Здесь, должно упомянуть, что делалось под Смоленском, ибо прежде казалось неуместным прерывать нить происшествий, бывших по выезде гетмана из-под Смоленска до самого возврата его туда.

ГЛАВА IX.

Сведения об осаде Смоленска в отсутствие Жолкевского. — Смертность в Русском гарнизоне. — Представление Русского посольства Польскому королю. — Неудачи переговоров. — Причина этой неудачи. – Приезд Жолкевского в лагерь под Смоленском. — Его аудиенция у короля. — Его старания убедить короля принять предлагаемые Московскими боярами условия.

Воевода Брацлавский [Ян Потоцкий], надеясь легко взять Смоленск, коль скоро исправлены были орудия, приказал ставить и насыпать туры, за которыми постановлены были пушки, идучи с поля, налево от Копыцинских [копытинских] ворот, при помощи проведенного рва, из которого безопасно можно было ходить к шанцам и другим турам.

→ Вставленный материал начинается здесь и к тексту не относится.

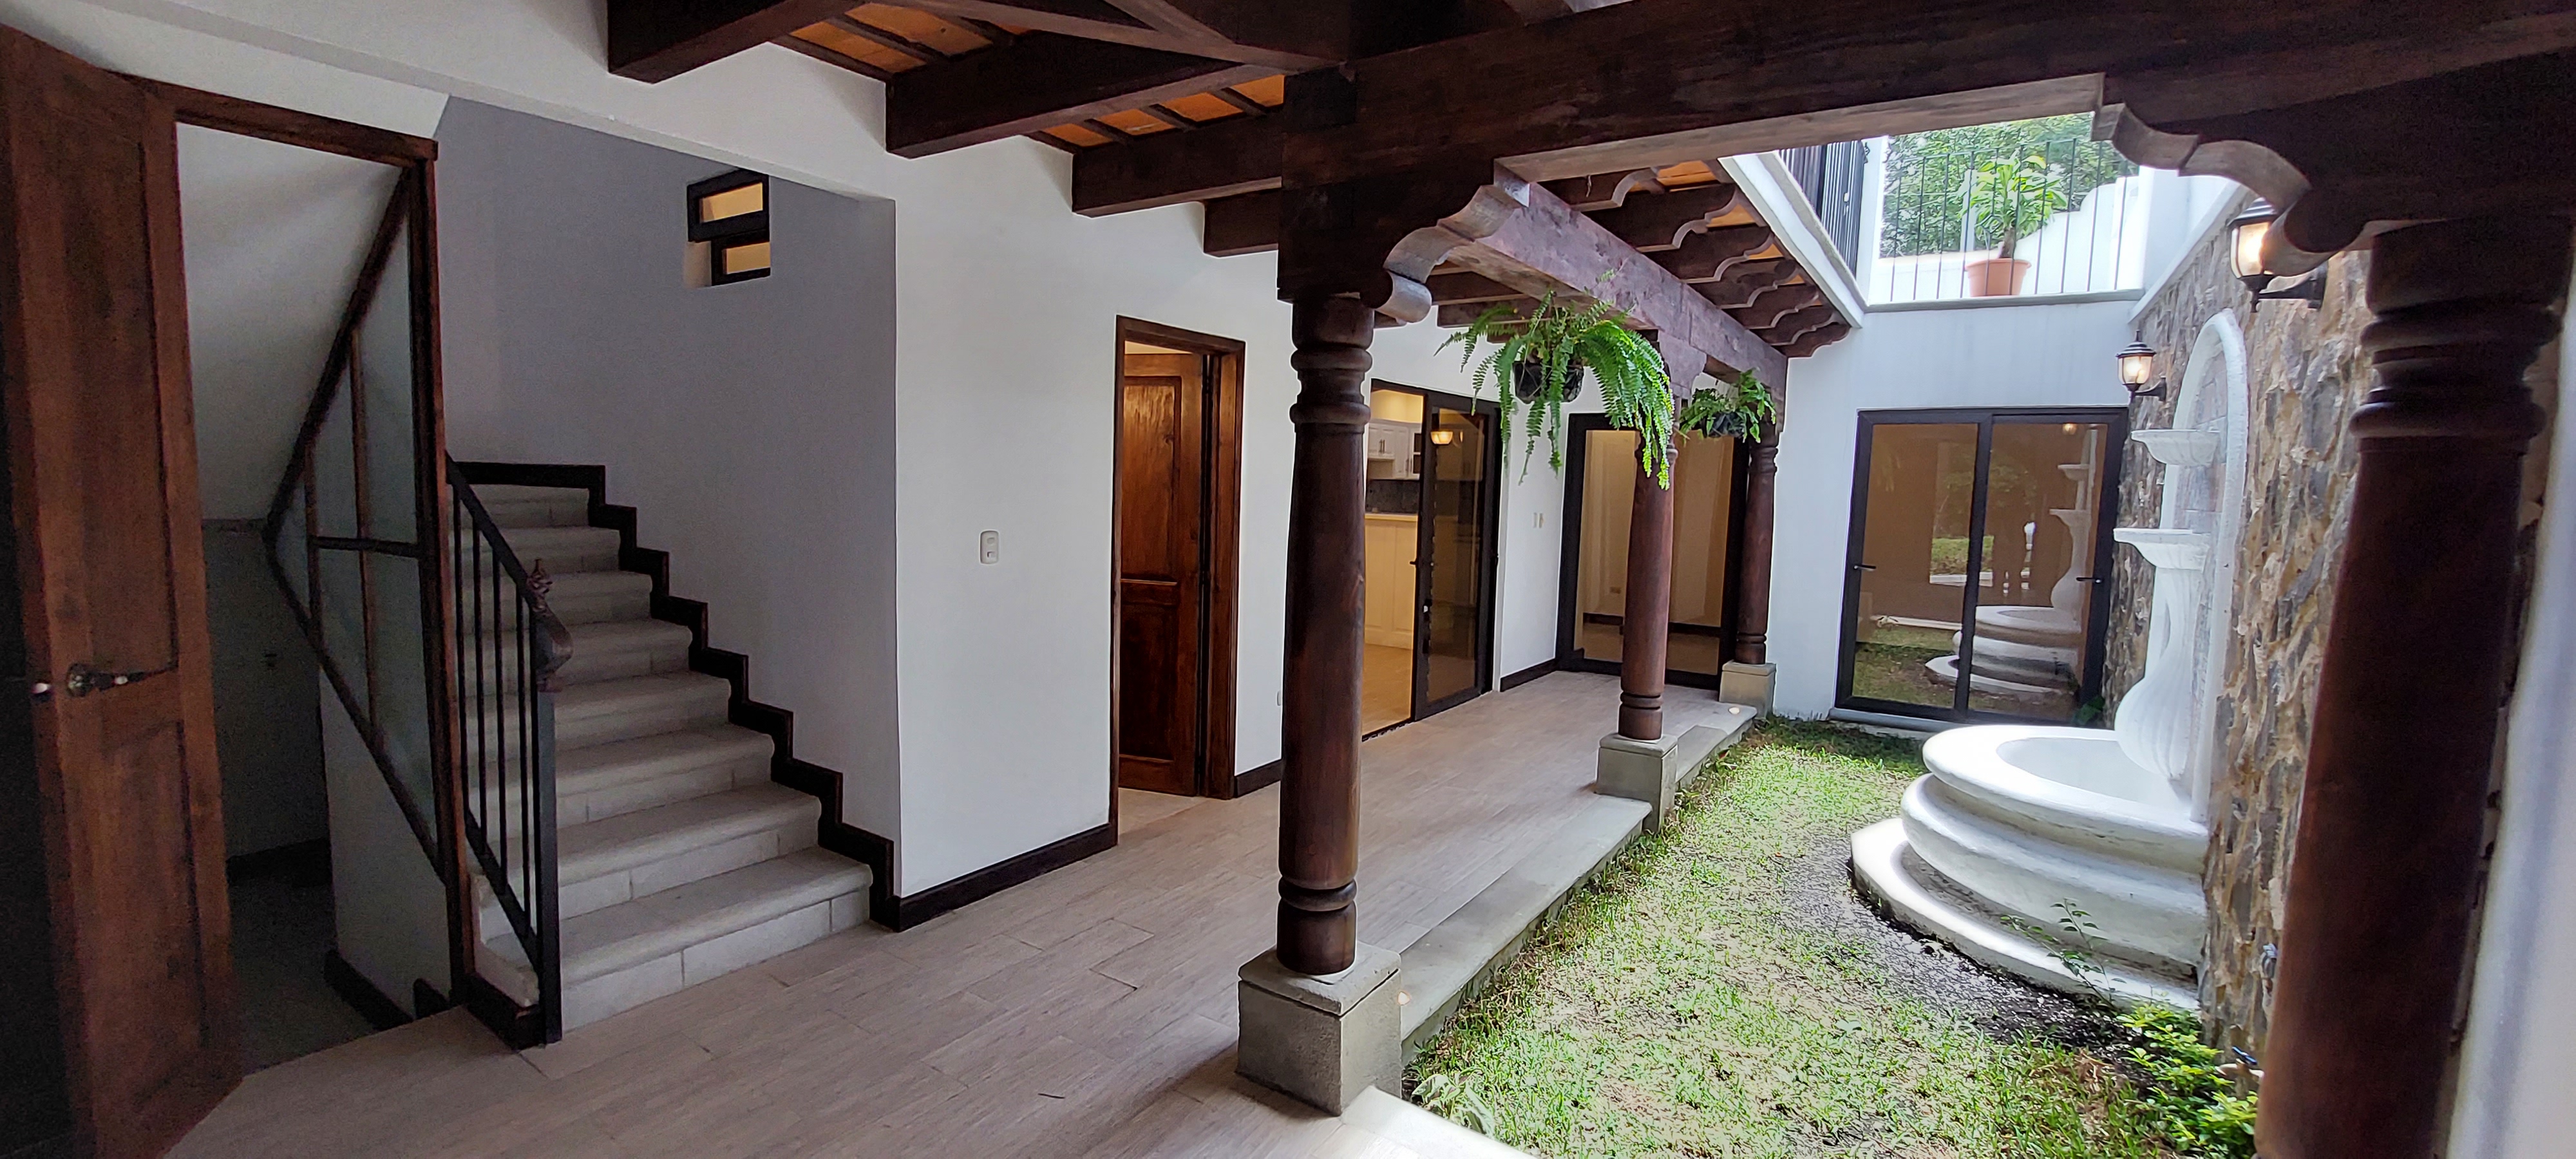 Casa nueva en Antigua Gardens a 20 minutos del casco urbano.

Он не принимал в соображение того, что за стеною тут же непосредственно быль старый вал, вышиной более десяти локтей, во времена предков наших, бывший сильнейшим оплотом крепости, нежели эта каменная стена, построенная в царствование царя Феодора; и хотя бы стену [100] ниспровергнули, что сделать хорошими орудиями нетрудно, то все таки оный столь высокий вал служил препятствием ко входу в крепость, как оказалось после и на самом деле. К тому же еще не собраны были люди, которыми должно было осаждать крепость, и орудия, без всякого действия, по пустому стояли в шанцах в продолжение нескольких недель, пока наконец из Северской земли и еще, со старостью Велижским, из Белой не выступило всего на все около пятнадцати тысяч казаков. Потом, когда собрались все, воевода приказал из всех орудий разбивать прежде башни, — куртину состоявшую из каменной стены (здесь, кажется, видно намерение гетмана выказать ошибку Потоцкого, который вместо того, чтобы разбивать башни и уничтожить сим фланговую оборону, сосредоточил действие своей артиллерии против куртины.); и в самом деле, при деятельном действии пушек на среднюю бойницу [или амбразуру] как бы в средину стены, имевшей впадину согласно желанно стрелявших, стена не могла устоять против пальбы, и наконец обрушалась, сделав довольно широкий пролом; этим, однако, проломом войти в крепость не было никакой возможности, ибо как не были еще уничтожены боковые

обороны, (которых нельзя было миновать без явной опасности), так равно, имея сроку несколько недель и зная откуда будет попадание, укрепились Русские еще впереди помянутого вала, так что, ходя вокруг всей крепости, нигде не найдешь места сильнее этого.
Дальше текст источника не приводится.